[Opening Information provided section]

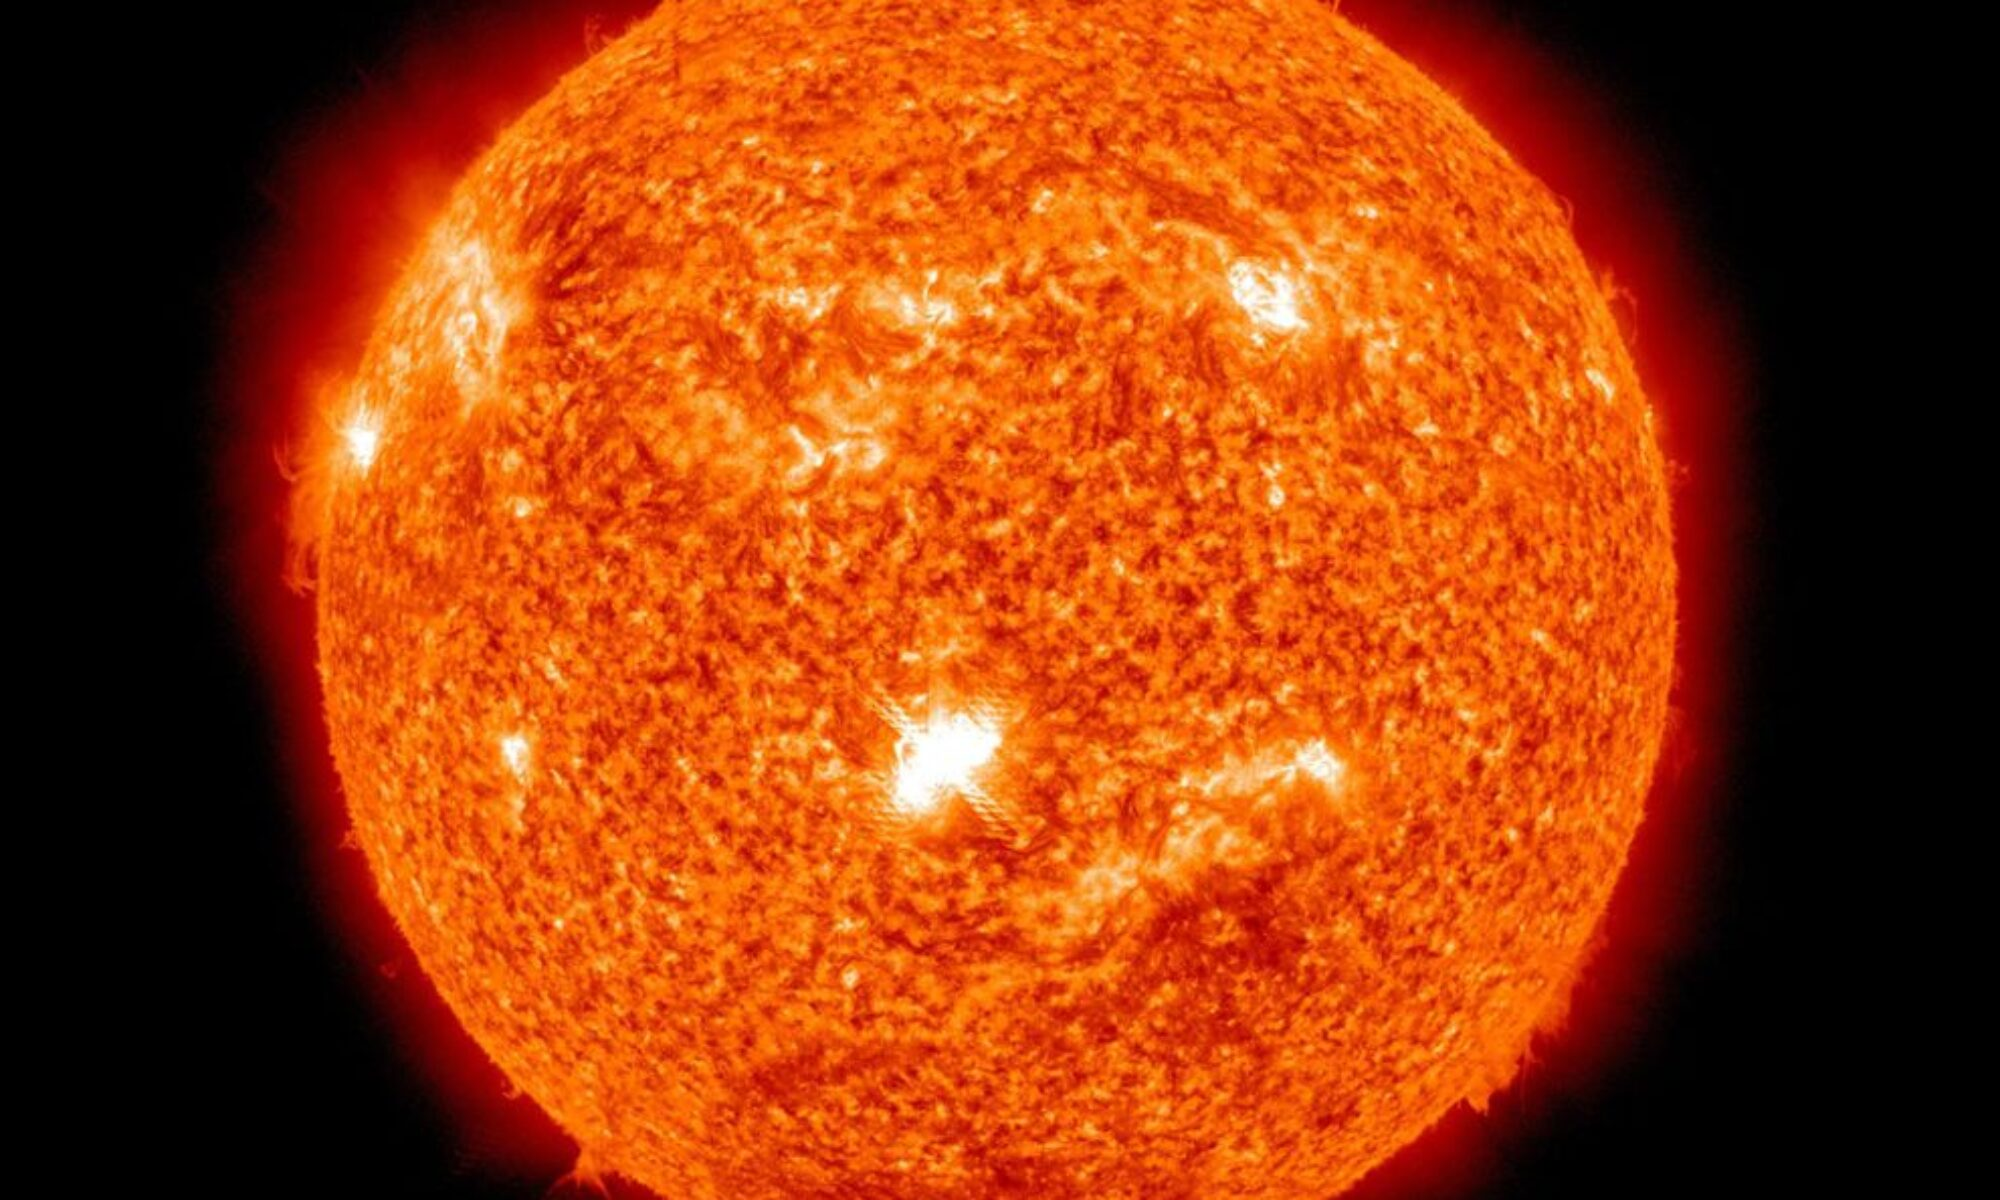 Güneş yüzeyinde patlamalar medyada geldi, püsküren maddeler Dünya'da jeomanyetik fırtınalara yol aça bilir
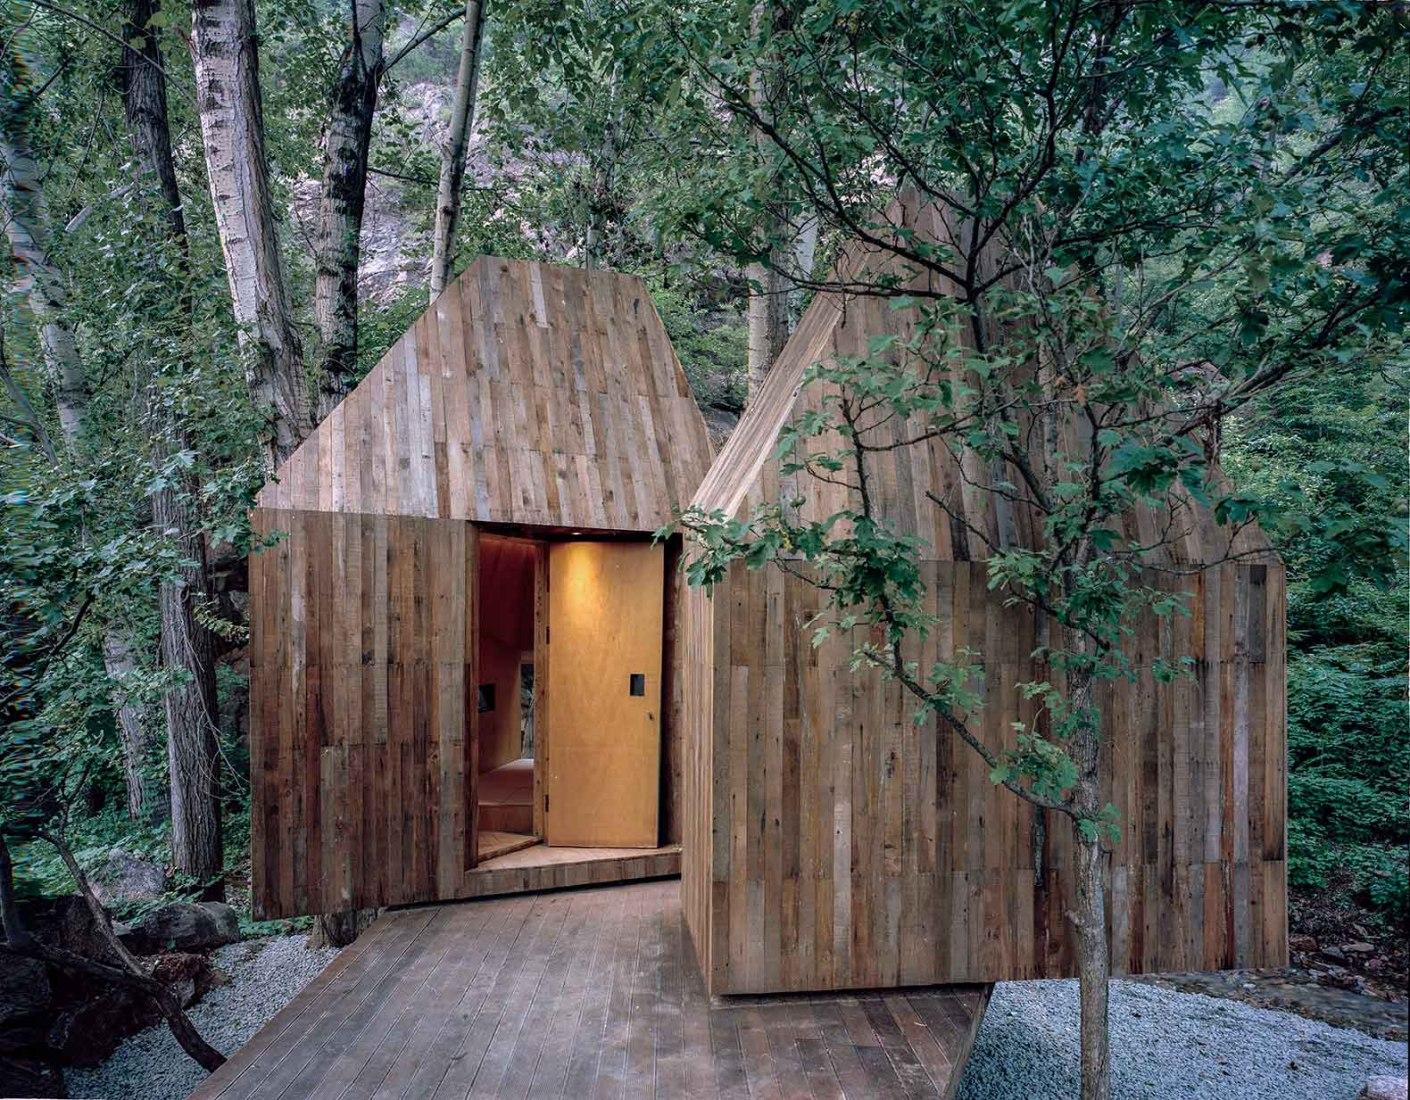 Vista exterior. Casa en el árbol por Wee Studio. Fotografía © Sun Haiting y RoadsideAlien Studio.
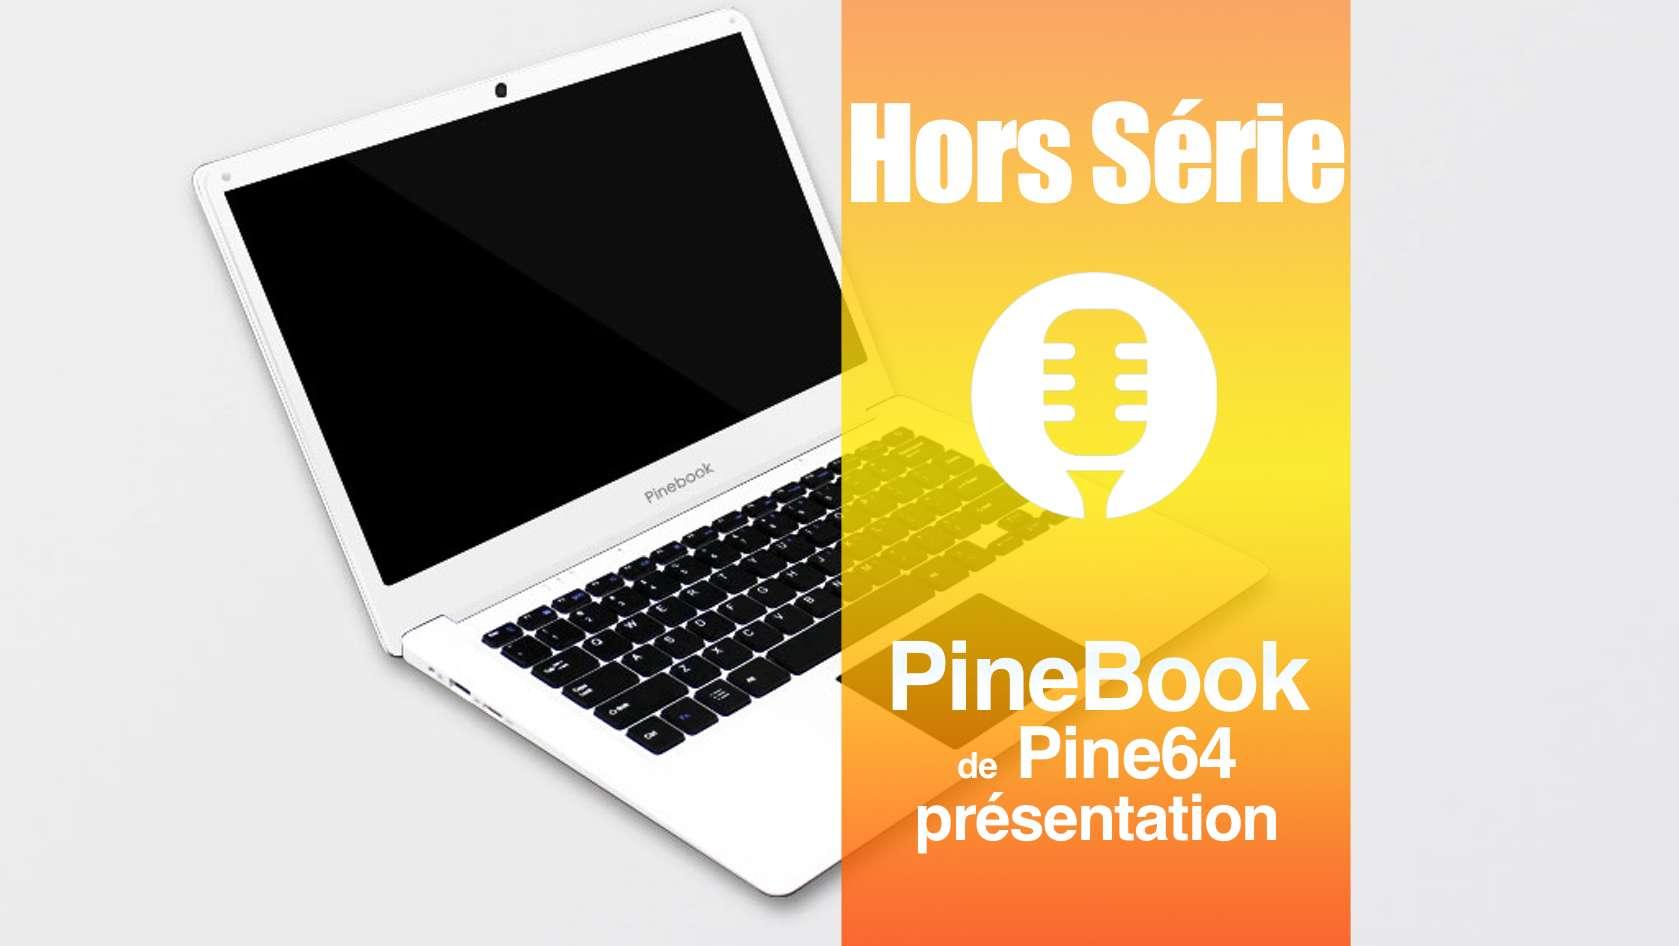 Hors série: PineBook, un laptop à moins de 100 € signé Pine64
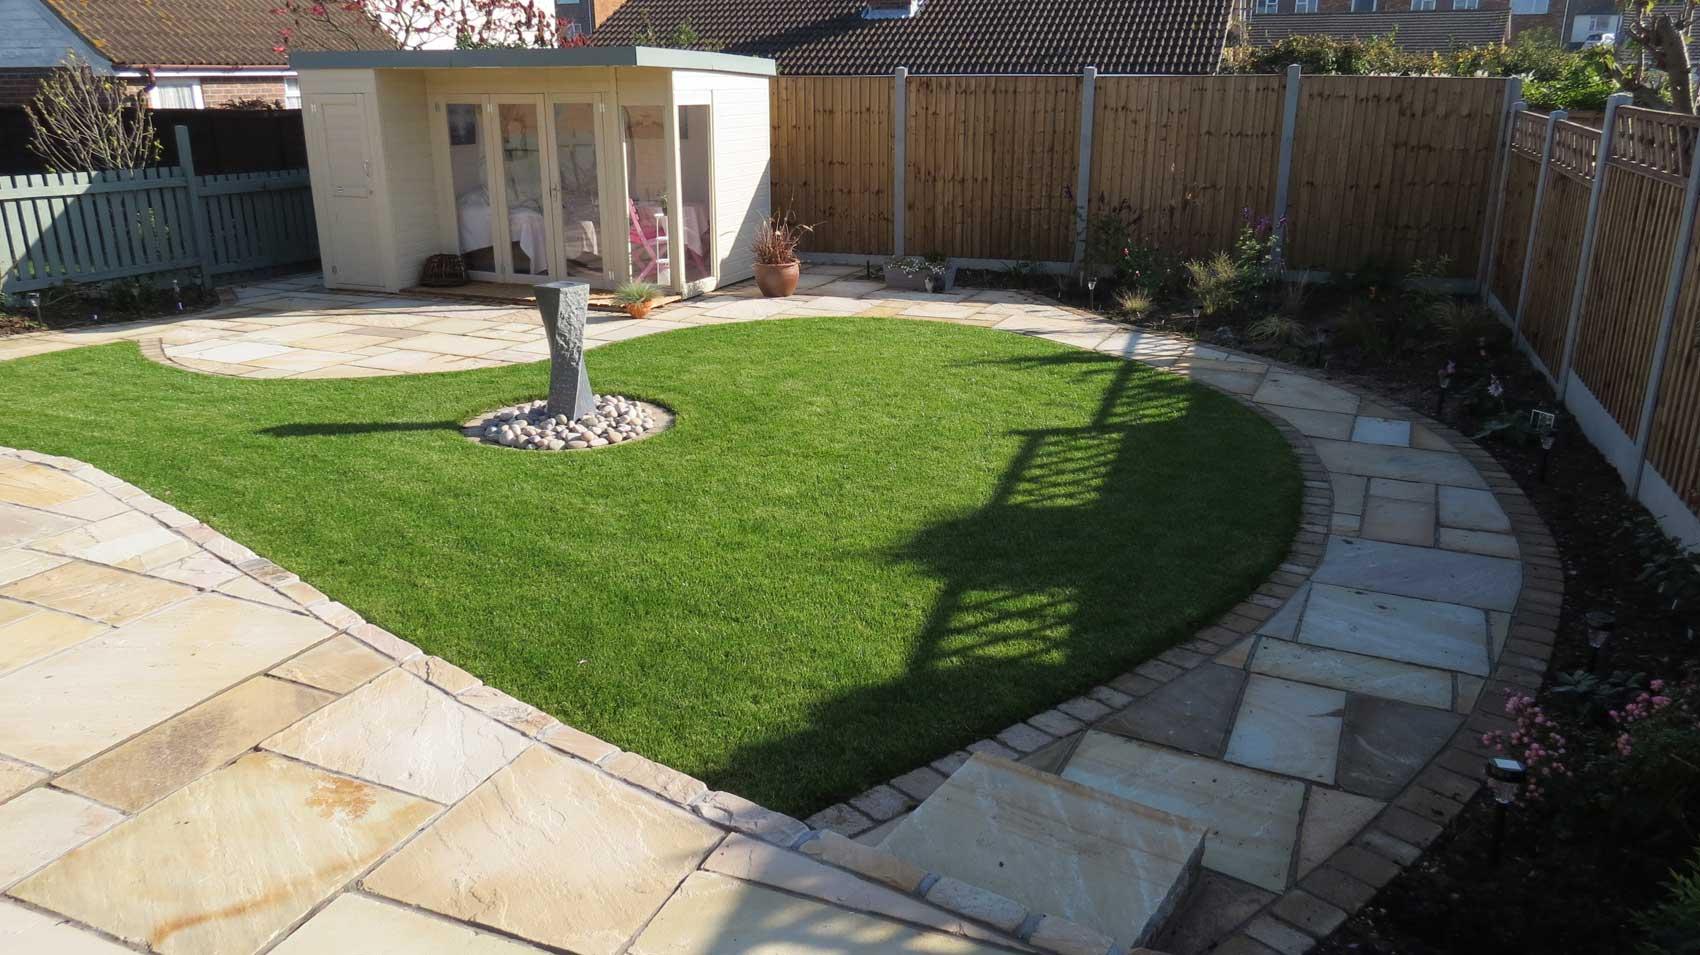 Landscape and garden design vennells landscapes for Garden design jobs essex

[Closing Information provided section]

__What to work on__. Each line from the one containing "Vista exterior. Casa" through the last line of the data should be written out exactly. Skip the pictures, and add no other lines.

__Answer section__.
 Vista exterior. Casa en el árbol por Wee Studio. Fotografía © Sun Haiting y RoadsideAlien Studio.
 Hors série: PineBook, un laptop à moins de 100 € signé Pine64
 Landscape and garden design vennells landscapes for Garden design jobs essex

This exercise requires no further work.